Next-generation sequencing (NGS) panel was performed and reported in 2 patients: 1 patient revealed DICER1 c.4049_4050+9 dup (35.6% variant allele fraction); and KRAS c.38G>A (36.2% variant allele fraction). No pathogenic somatic mutations were identified in the other patient.

All patients received systemic chemotherapy, except patient 2 who had a good response to reduced immunosuppression (RIS) only. At the end of follow-up, 8 patients (50%) were deceased, with an overall median survival time of 12 months. Interestingly, 8 patients in our series achieved remission after therapy, including 3 responding to acute lymphoblastic leukemia–like chemotherapy regimen.17 Two patients (cases 11 and 15) received chemotherapy combined with anti-CD30 brentuximab vedotin; patient 11 achieved remission but relapsed 8 months later, whereas patient 15 succumbed to disease 13 months after diagnosis. Patient 2 of our series was reported to be PTCL, NOS but showed an indolent T-cell lymphoproliferative disorder of the gastrointestinal tract in a child after SOT, which responded to RIS only.
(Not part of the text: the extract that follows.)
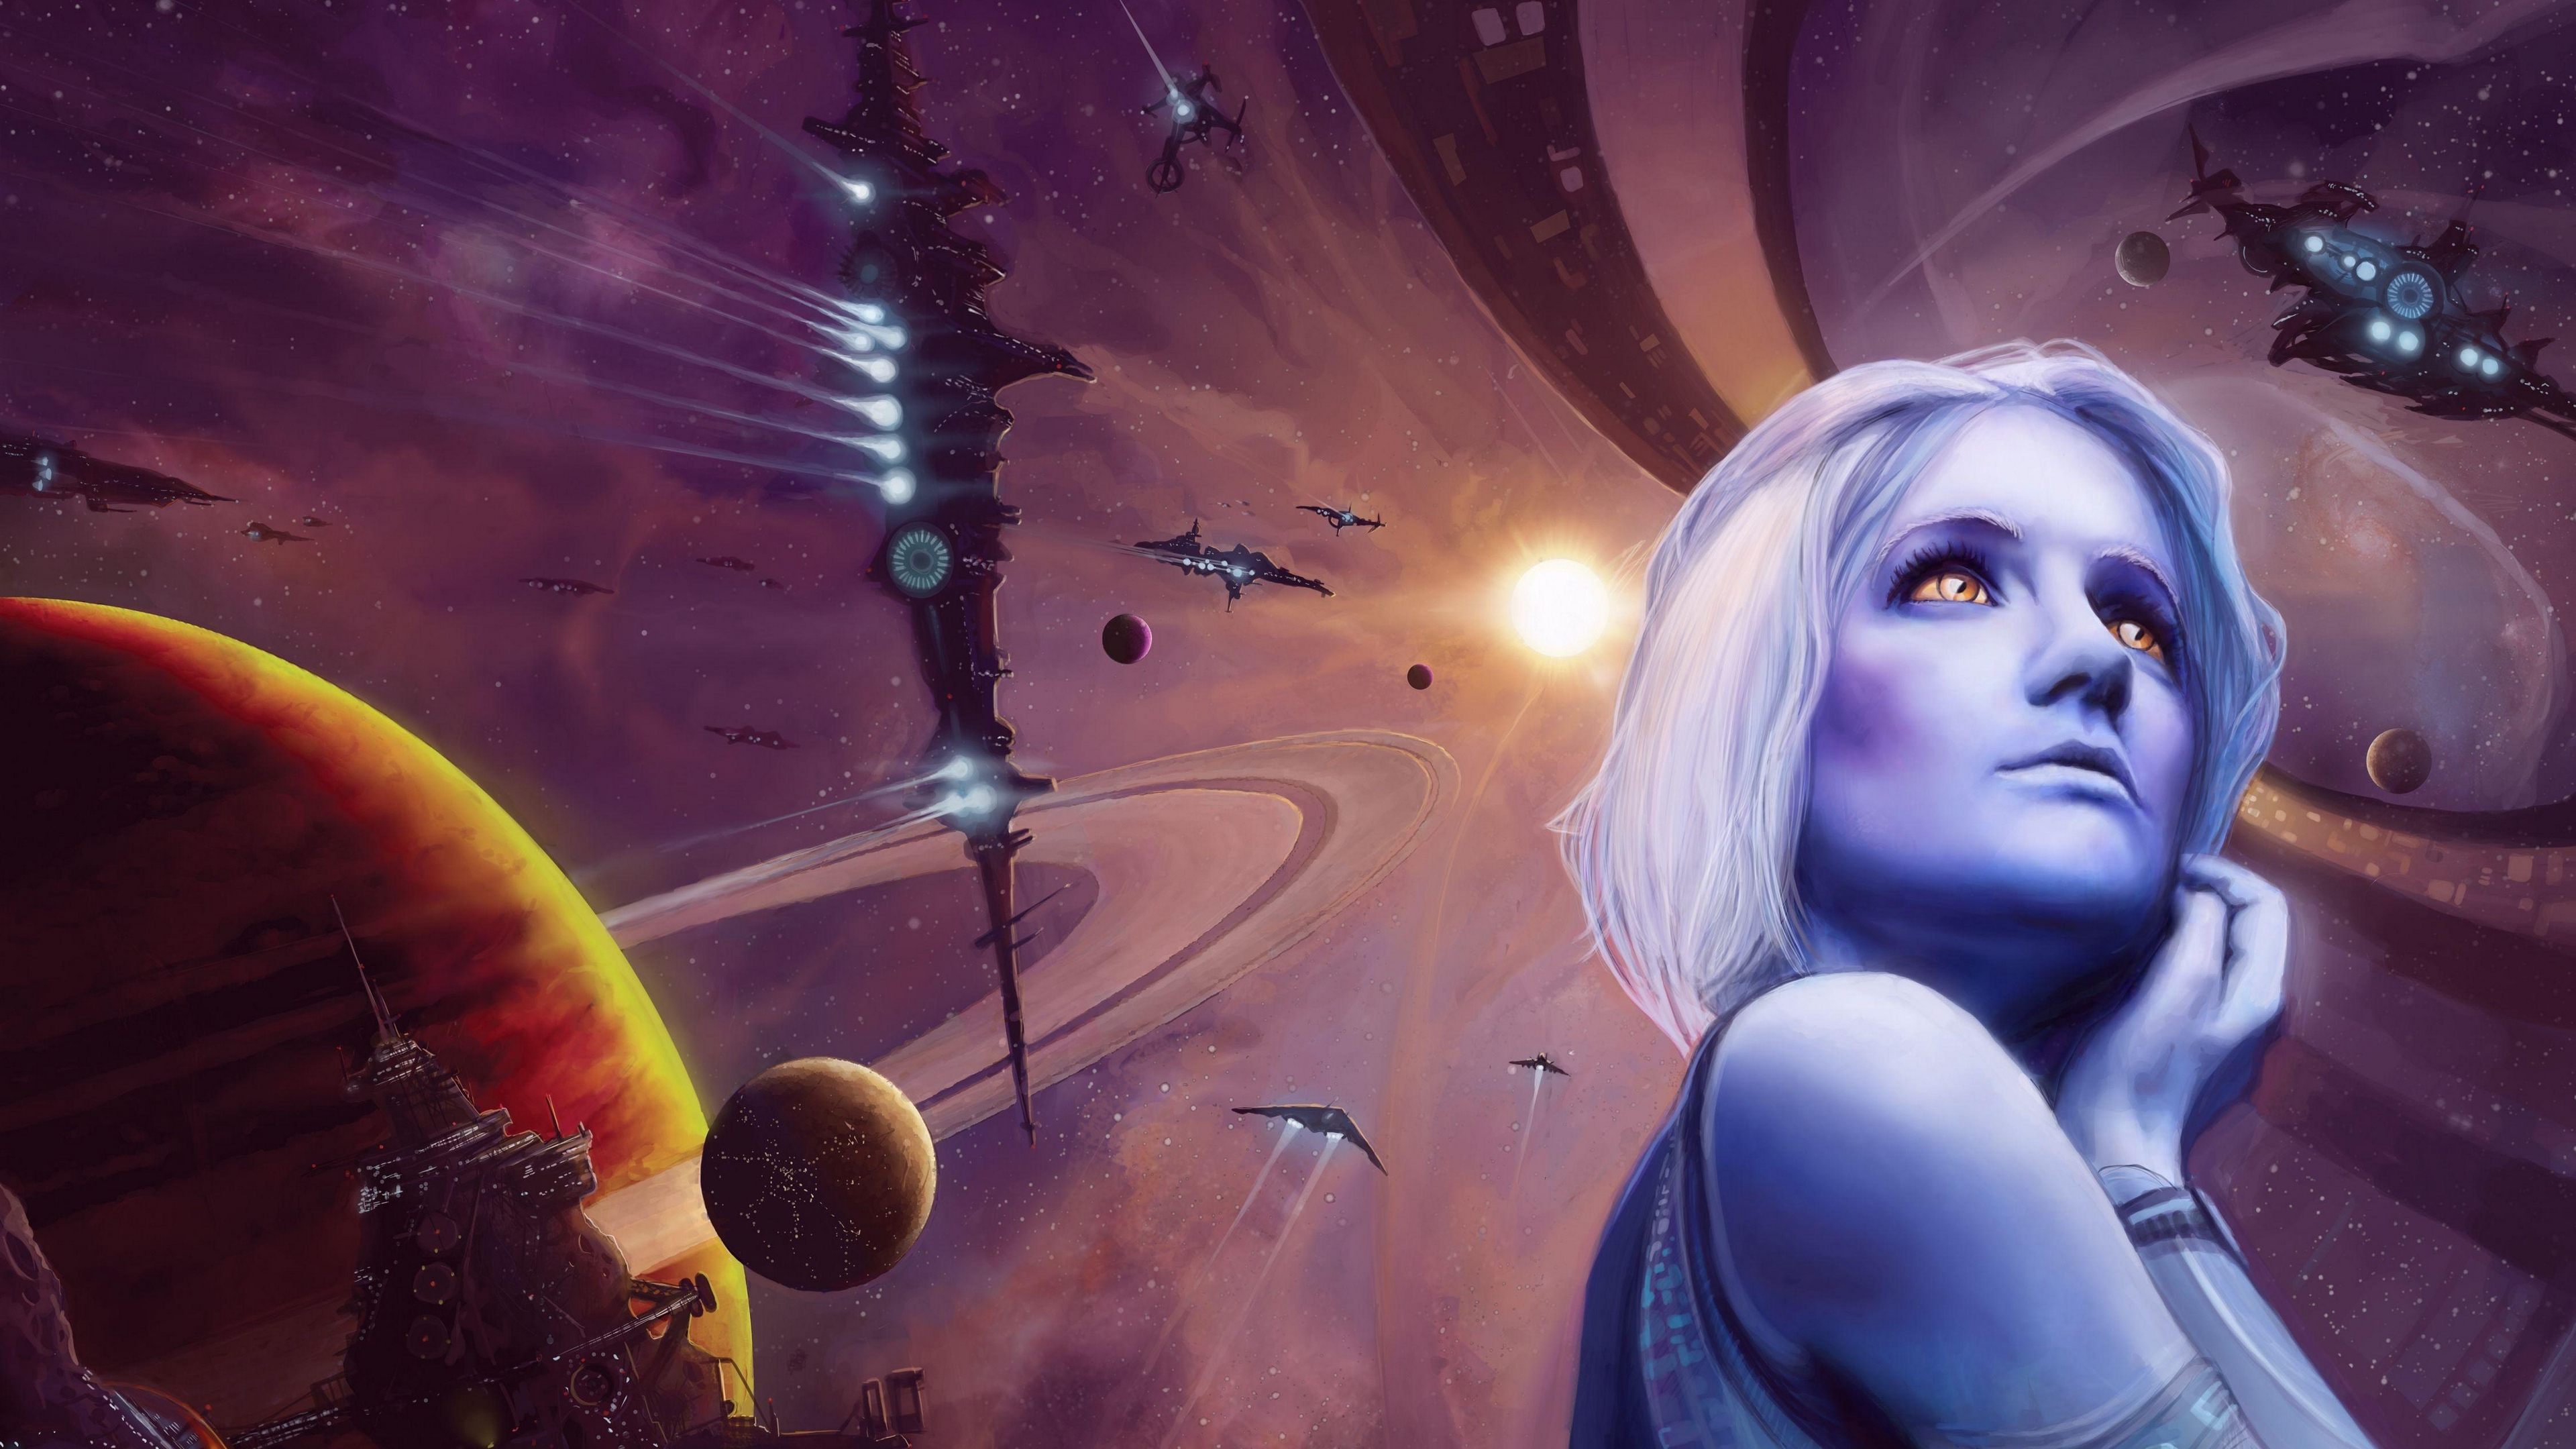 girl space spaceship planet 4k 1536098087 - girl, space, spaceship, planet 4k - Spaceship, Space, Girl

To the best of our knowledge, this is the largest series of childhood posttransplant PTCL (PT-PTCL). Similar to prior studies, pediatric PT-PTCL can be EBV+ or EBV with heterogeneous clinical presentation and pathological features.9,11 Our study reveals that PT-PTCL often show small to medium cell size, CD4 positivity, frequent loss of T-cell antigen expression, and clonal TCR, involving both lymph nodes and extranodal organs. We only report 1 case in which the tumor cells are large, with anaplastic morphology and CD8 positivity. The pathology and clinical presentation of patient 16 overlaps with systemic EBV+ T-cell lymphoma of childhood, which is often complicated by hemophagocytic lymphohistiocytosis and fatal outcome.1-3 Moreover, compared with patient 2 of an indolent T-cell lymphoproliferative disorder of the gastrointestinal tract with response to RIS only,2,3 our patient 15 also presented with a duodenum mass (Figure 1), with tissue architecture effacement by atypical small- to medium-sized T lymphocytes with aberrant immunophenotype and clonal TCR, which failed to respond to chemotherapy; the patient succumbed to disease 13 months after diagnosis. Similar to adult patients, PT-PTCL often presents with extranodal disease. Morphology, immunophenotype, and EBV positivity are variables (supplemental Table 1).

Figure 1.
A biopsy of duodenum mass shows an effacement of duodenum architecture. (A) Hematoxylin and eosin stain, low power, (original magnification ×40), the infiltrates are composed of small- to medium-sized atypical lymphocytes. (B) Hematoxylin and eosin stain, high power, (original magnification ×200), diffusely positive for CD3, (C) Immunostain (original magnification ×200) and patchy CD30. (D) Immunostain (original magnification ×200).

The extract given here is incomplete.